Walk down the halls of any school and peek through classroom windows. Some teachers are incredible designers, creators of colorful bulletin boards, aesthetically pleasing decor, and thematic design which changes with the seasons. I’m not one of those teachers. Aside from Ralph Wiggum’s friendly first impression, “Me fail English…that’s unpossible,” I do not spend much time with decorations. The walls are for students to display their creative contributions throughout the school year. While many observers are drawn to the posters on the wall, I am intrigued by a room’s design. The learning environment communicates the educational priorities of the classroom teacher. With this in mind, I have tackled the annual August question: how will I design my classroom this year?
On most days, students have the freedom to choose to sit wherever they prefer. Many appreciate being treated with dignity and we begin establishing a mutual respect. Such a simple gesture initiates the foundation of a trusting, student-centered climate. I enjoy variety, so I tend to redesign seating arrangements based on the unit of study or day’s lesson. On some days the physical structure changes, while on other days, names are assigned to various locations. This practice intrigues some students and irks creatures of habit, but gets everyone’s attention before class begins. In my high school Communication Arts classroom, the most common design has always been semi-circular, with students facing the center of the room to promote discussion and community.
It is important to be cognizant of students whom are more comfortable in a traditional setting. In my basic design, I try to leave 6-9 desks in a structured pattern somewhere in the room. Such rows are also appropriate if we are giving formal presentations where the audience should face the speaker. Likewise, when students are working on an individual assessment, they need personal space for quiet isolation.
However, the focus of my classroom is collaboration, critical thinking, communication, and creativity. When we work collaboratively or on differentiated material, seating should accommodate groups. I have desks, which provide flexible seating, and tables to promote peer interaction. Every year, I eliminate more desks from the room, opening up space and possibilities.
With today’s students, there is a growing need to personalize learning—a progressive shift in our district. Students are urged to bring devices to class, and (in my room) a Smart board, projector, and class set of Chrome books invite the use of technology. But modern learners also need a setting in which they can best use these toys. District leaders have researched the “model classroom” concept and several teachers are paying closer attention to how the physical design impacts student learning. My room is made up of soft seating in a cozy reading area, collaboration stations of tables or desks, and space to create. All areas of the room have wall or board space to display student learning.

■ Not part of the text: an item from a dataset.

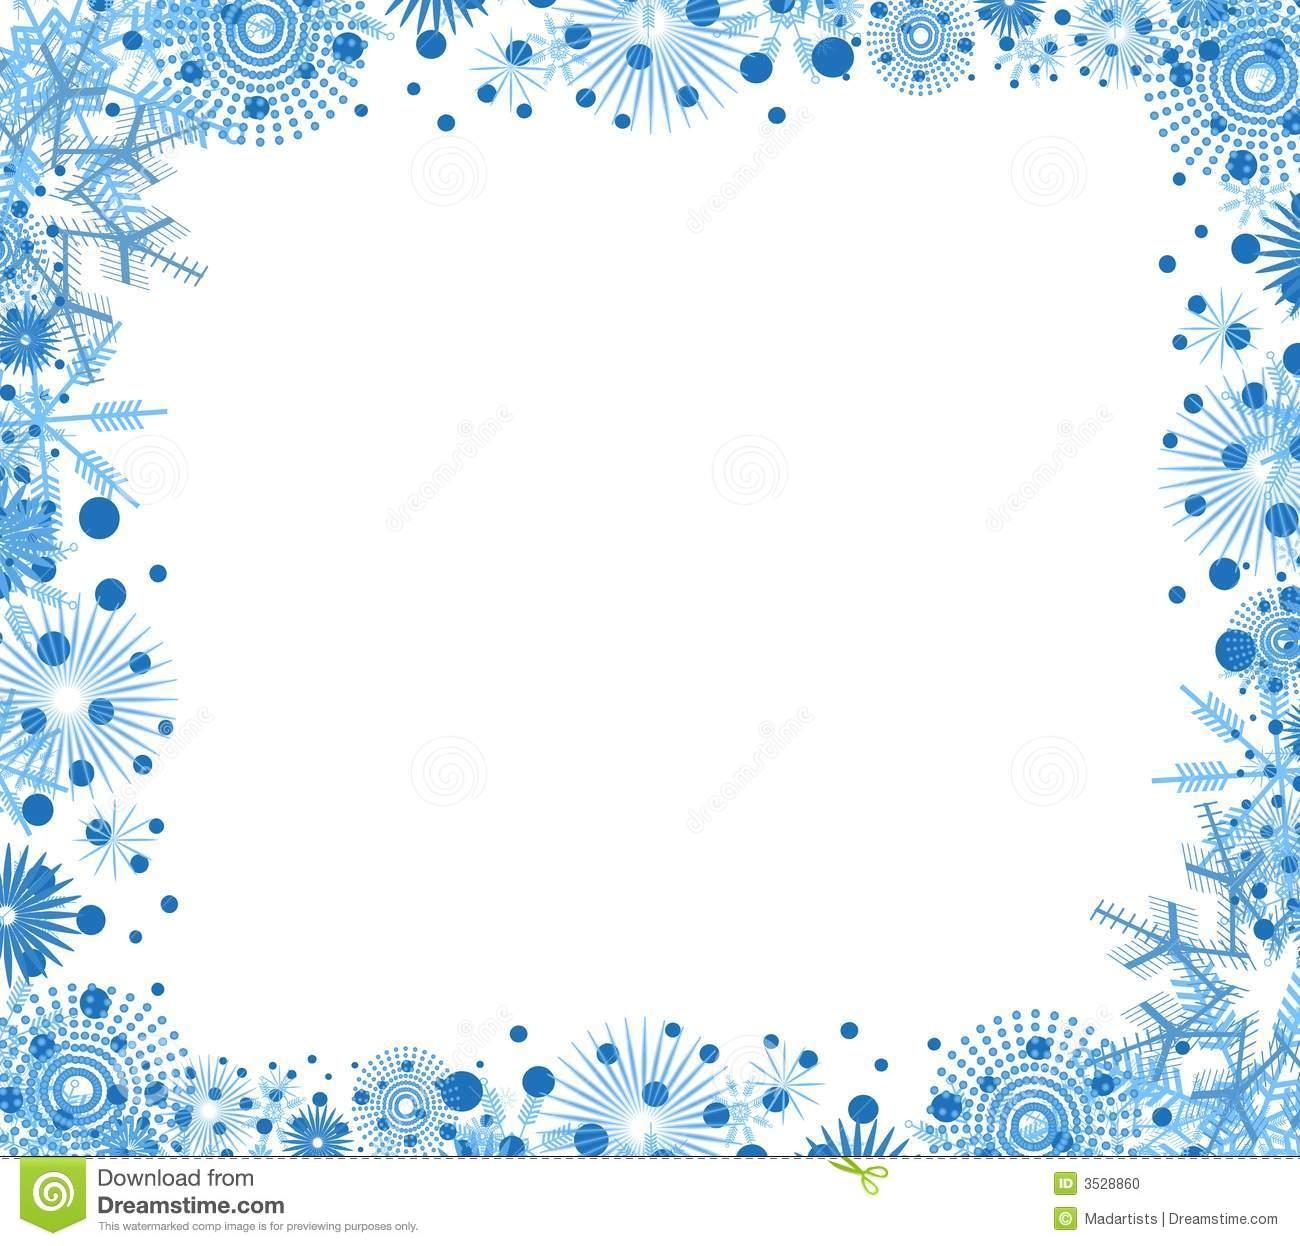 Download high res images of modern clipart borders svg download 92+ Holiday Clip Art Borders | ClipartLook svg download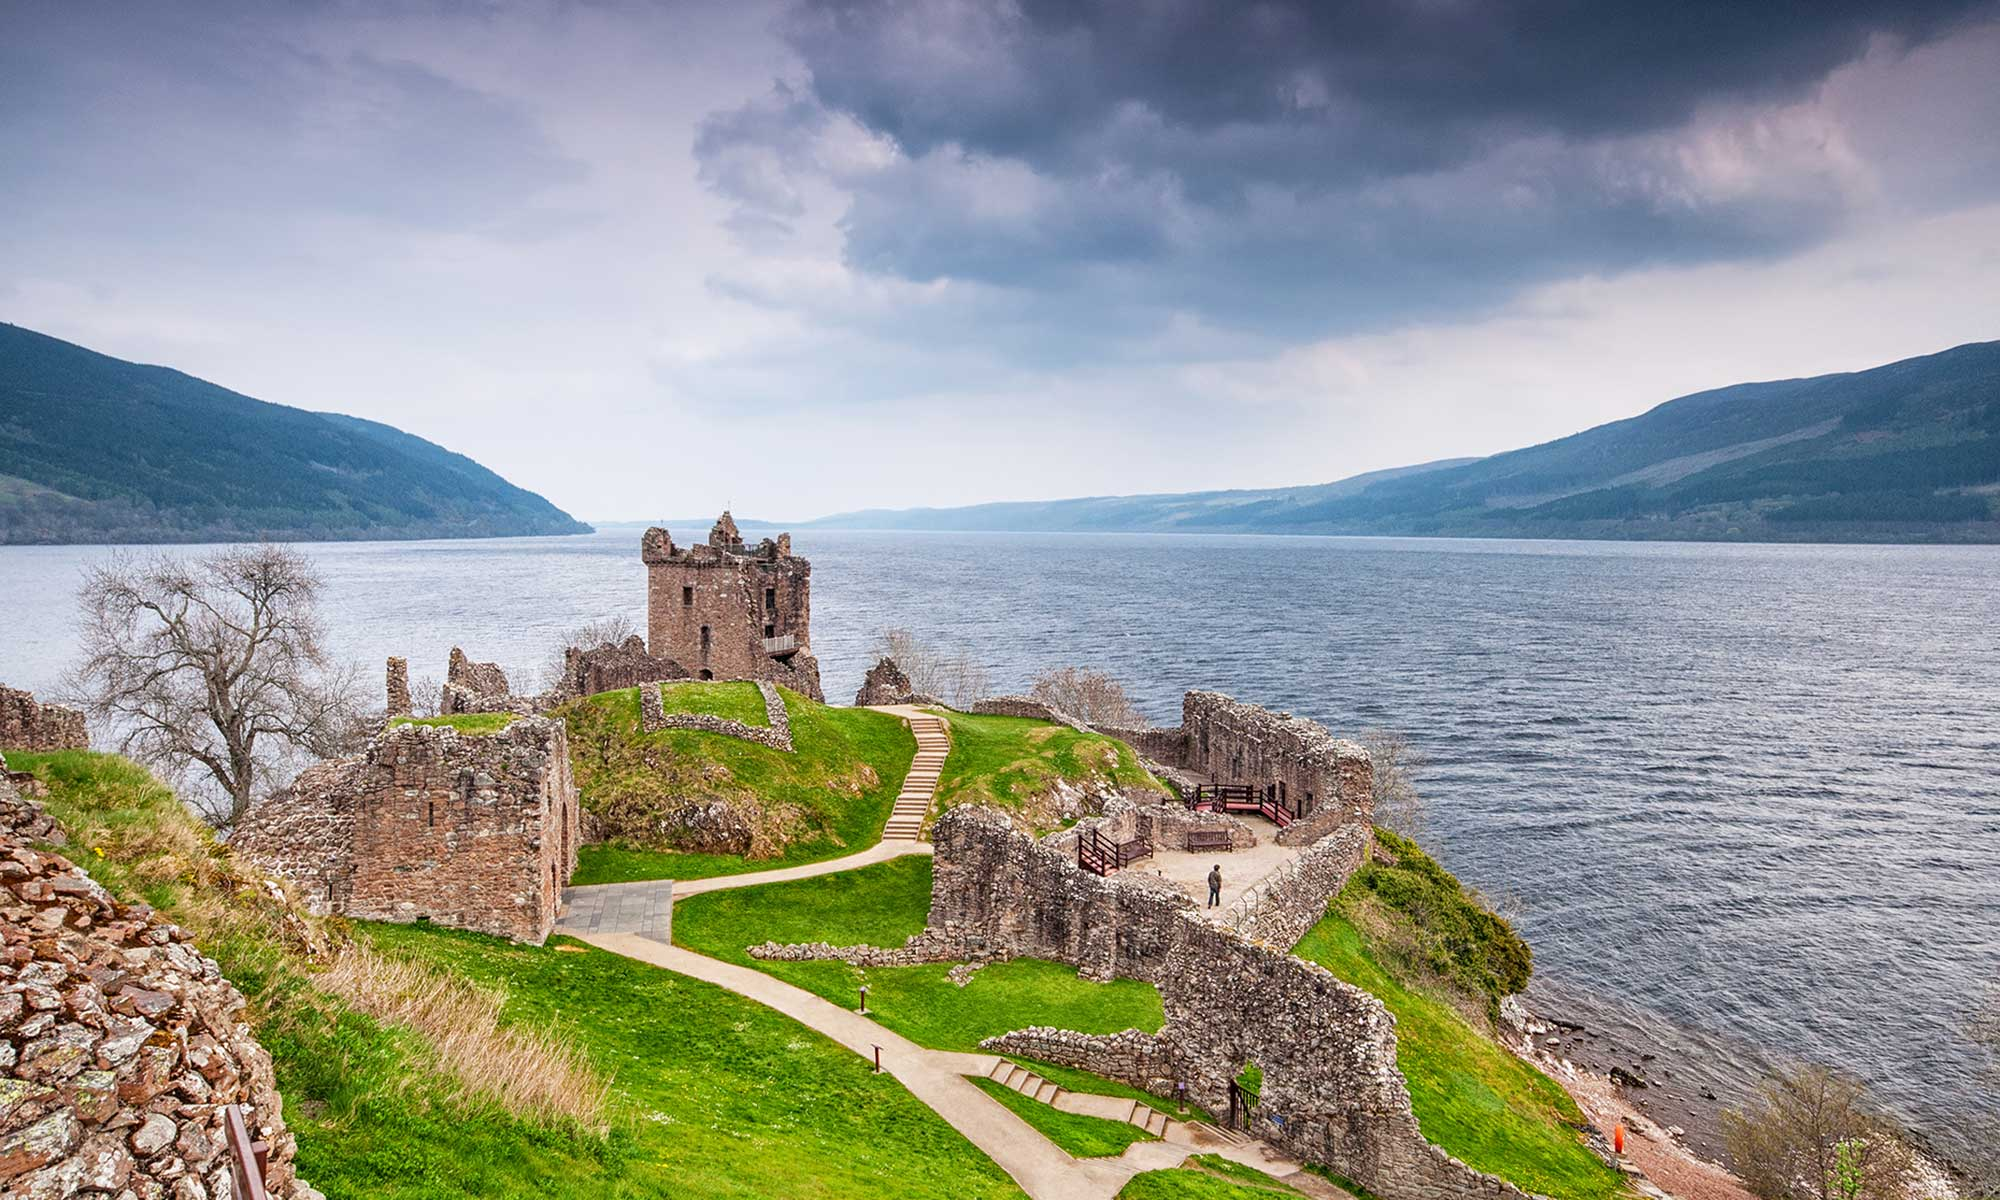 Loch Ness (Image: Botond Horvath/Shutterstock)

Yes, that is a white leather couch (circa 1970-something) surrounded by a chunk of carpeting and a cushioned deck box (which provides excellent storage for an assortment of props). I separated this comfortable space from the rest of the room with a book shelf, making this corner a popular destination. Some students race to class to claim a first-come-first-serve seat, while others hope it is their day to be assigned an activity in this portion of the room. When I designed this area last year, I had no idea of the impact it would have on several students. Allowing them to sit on the couch or spread out on the carpet completely shifted the dynamic in the room. Knowing students’ learning styles and preferences is of great importance.
A reflective educator accounts for all learning styles, is creative with resources (especially on a limited budget), and designs the classroom to enhance the impact of learning. The room will likely look different by the time students return to class, but one thing is certain: the teacher sets the tone for learning in any environment.
When my students arrive, I will welcome them to room A15–our educational “clubhouse”–a playful environment created solely for the purpose of learning, or, in Parker Palmer’s (1998) words, where “students have direct access to the energy of learning and of life” (120). Every day, on their way out, students will be reminded to extend their learning beyond the classroom. If I truly want students to learn with a purpose, I must establish a classroom climate which respects the individual, inspires curiosity, reinforces a growth mindset, and accommodates all learners.